U.S. Route 50 Business (US 50 Bus.) is a business route of US 50 which runs 6.88 mi from US 50 on the northwest side of Salisbury to US 13 and US 50 on the east side of Salisbury in central Wicomico County. US 50 Bus. is a four- to six-lane divided highway within and on either side of the central business district of Salisbury, where the highway intersects MD 349, US 13 Bus., and MD 346. US 50 Bus. west of MD 349 is a mid-1950s upgrade of the original highway entering Salisbury from the northwest. The business route between MD 349 and MD 346 was a relocation of US 50 from Main Street built in the early 1960s. East of MD 346, US 50 Bus. is part of the relocation of US 50 between Salisbury and Berlin completed in the mid-1960s.
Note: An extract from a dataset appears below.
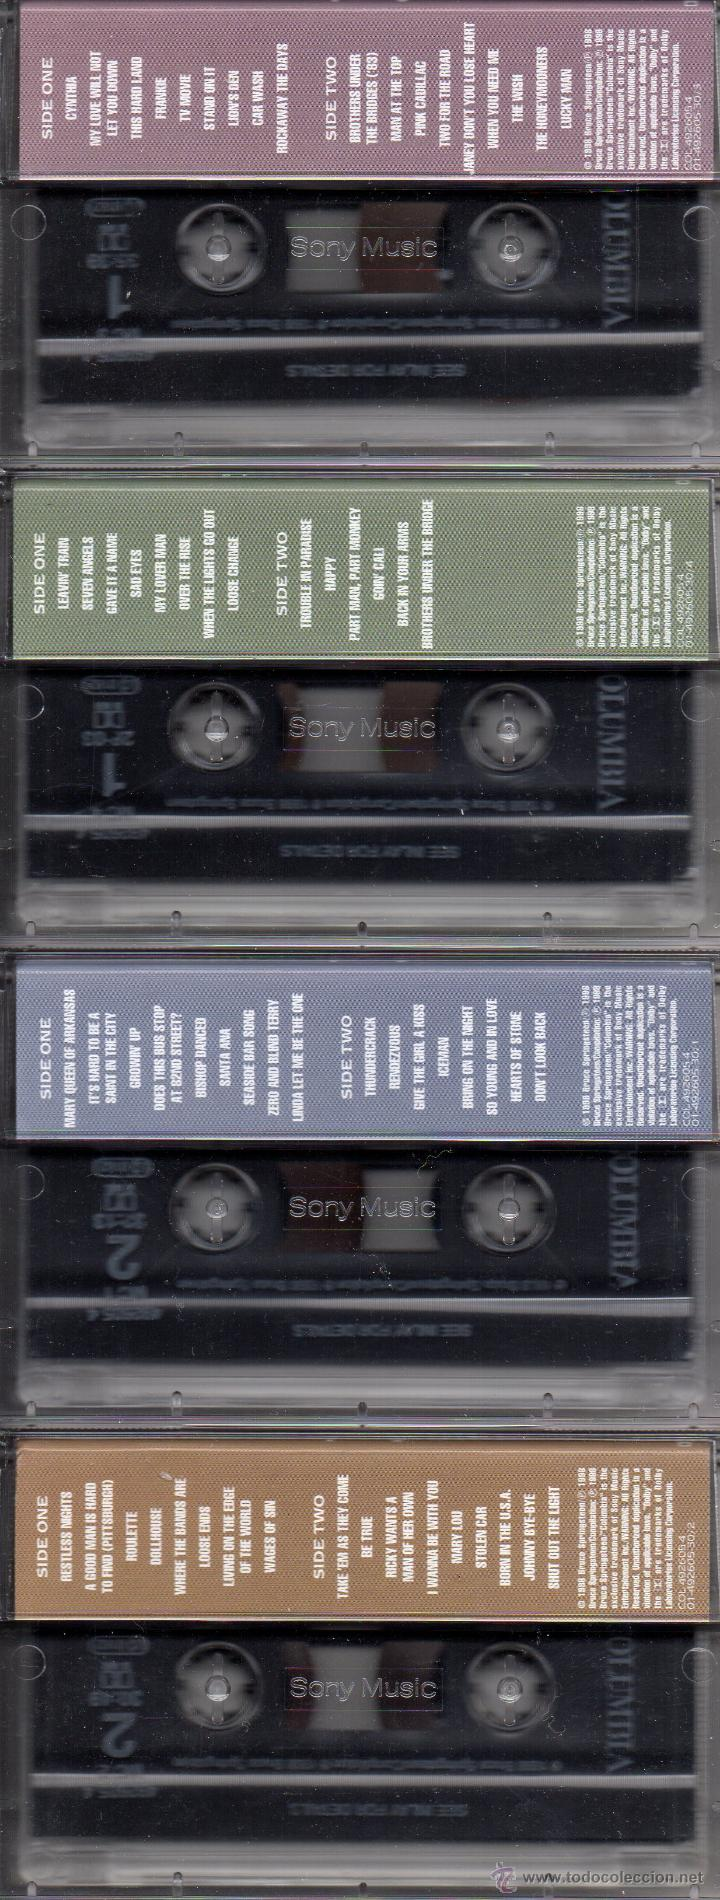 Casetes antiguos: BRUCE SPRINGSTEEN TRACKS DELUXE 4-CASSETTE BOX SET. EN MUY BUEN ESTADO. - Foto 3 - 44834652

US 50 Bus. was designated when the US 50 portion of the Salisbury Bypass was completed in 2002.

===Auxiliary routes===
- US 50PA is the designation for the 0.21 mi section of one-way southbound Ardwick Ardmore Road from Garden City Drive south to Pennsy Drive in New Carrollton, Prince George's County, where Ardwick Ardmore Road continues southeast as a county road. The route provides access from Garden City Drive and the New Carrollton station to ramps leading to westbound and eastbound US 50.
- US 50QB is the designation for a 0.10 mi ramp from westbound US 50 to MD 456 near Queenstown, Queen Anne's County.
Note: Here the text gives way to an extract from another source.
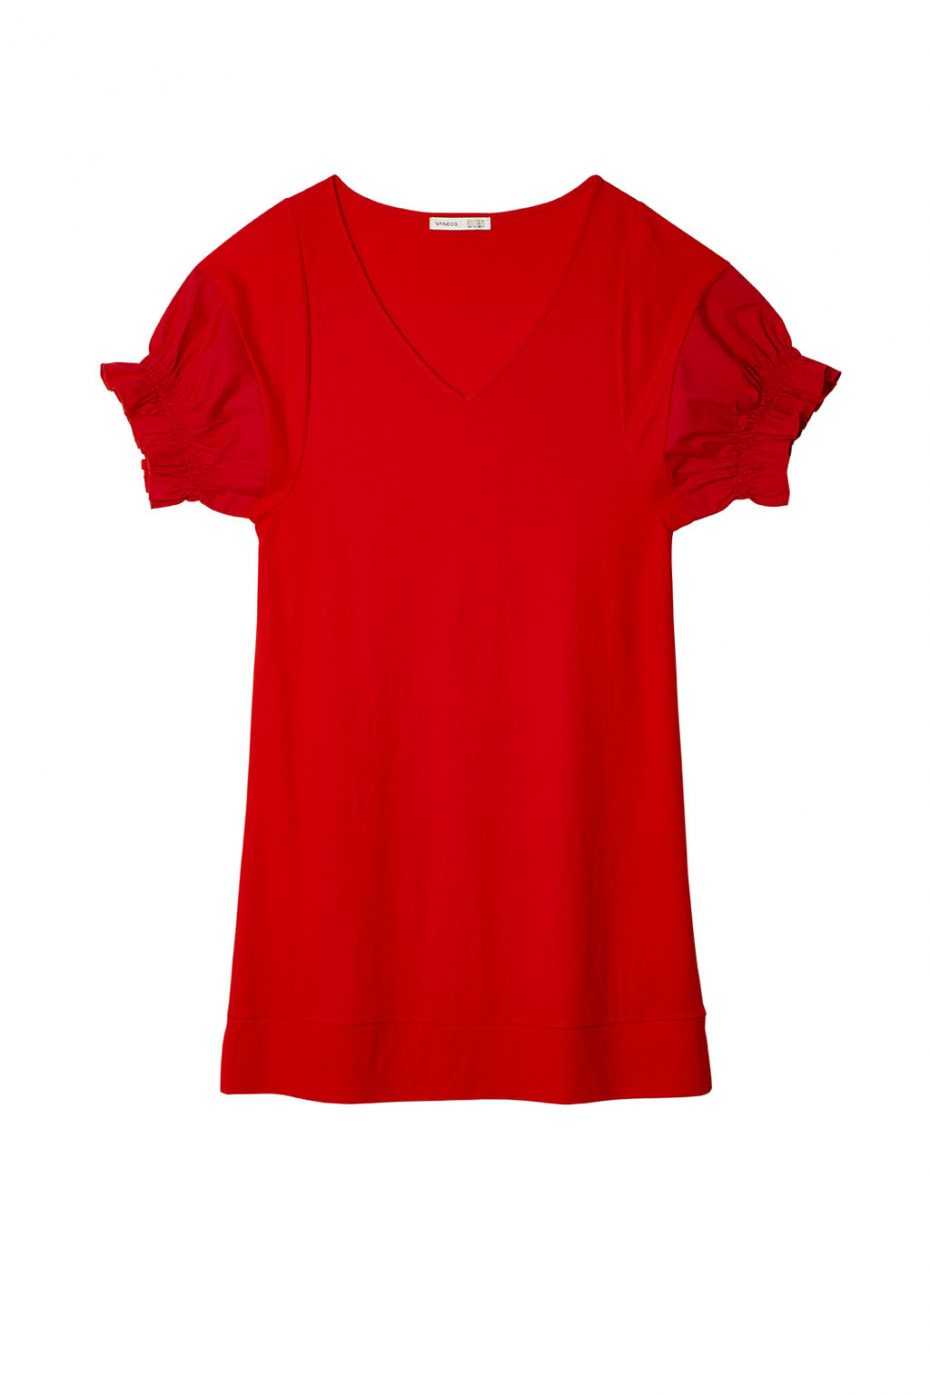 Vestido Corto Mangas Abullonadas Rojo de Vandos

- US 50QC is the designation for a 0.55 mi unnamed one-way frontage road running parallel to westbound US 50/southbound US 301 from exit 38B of US 50/US 301 to an entrance to US 50/US 301 in Chester, Queen Anne's County, providing access to businesses.
- US 50UA is the designation for the 0.36 mi section of two-lane undivided Naylor Mill Road between Milford Twilley Drive and West Road in Salisbury, Wicomico County, intersecting US 50 at a diamond interchange.
- US 50WA is the designation for the 0.02 mi section of two-lane divided Riddle Lane from US 50 north to the end of state maintenance in Grays Corner, Worcester County, where Riddle Lane continues north to provide access to MD 707.
- US 50WB is the designation for a 0.05 mi two-lane undivided connector from US 50 north to MD 707 in Grays Corner, Worcester County.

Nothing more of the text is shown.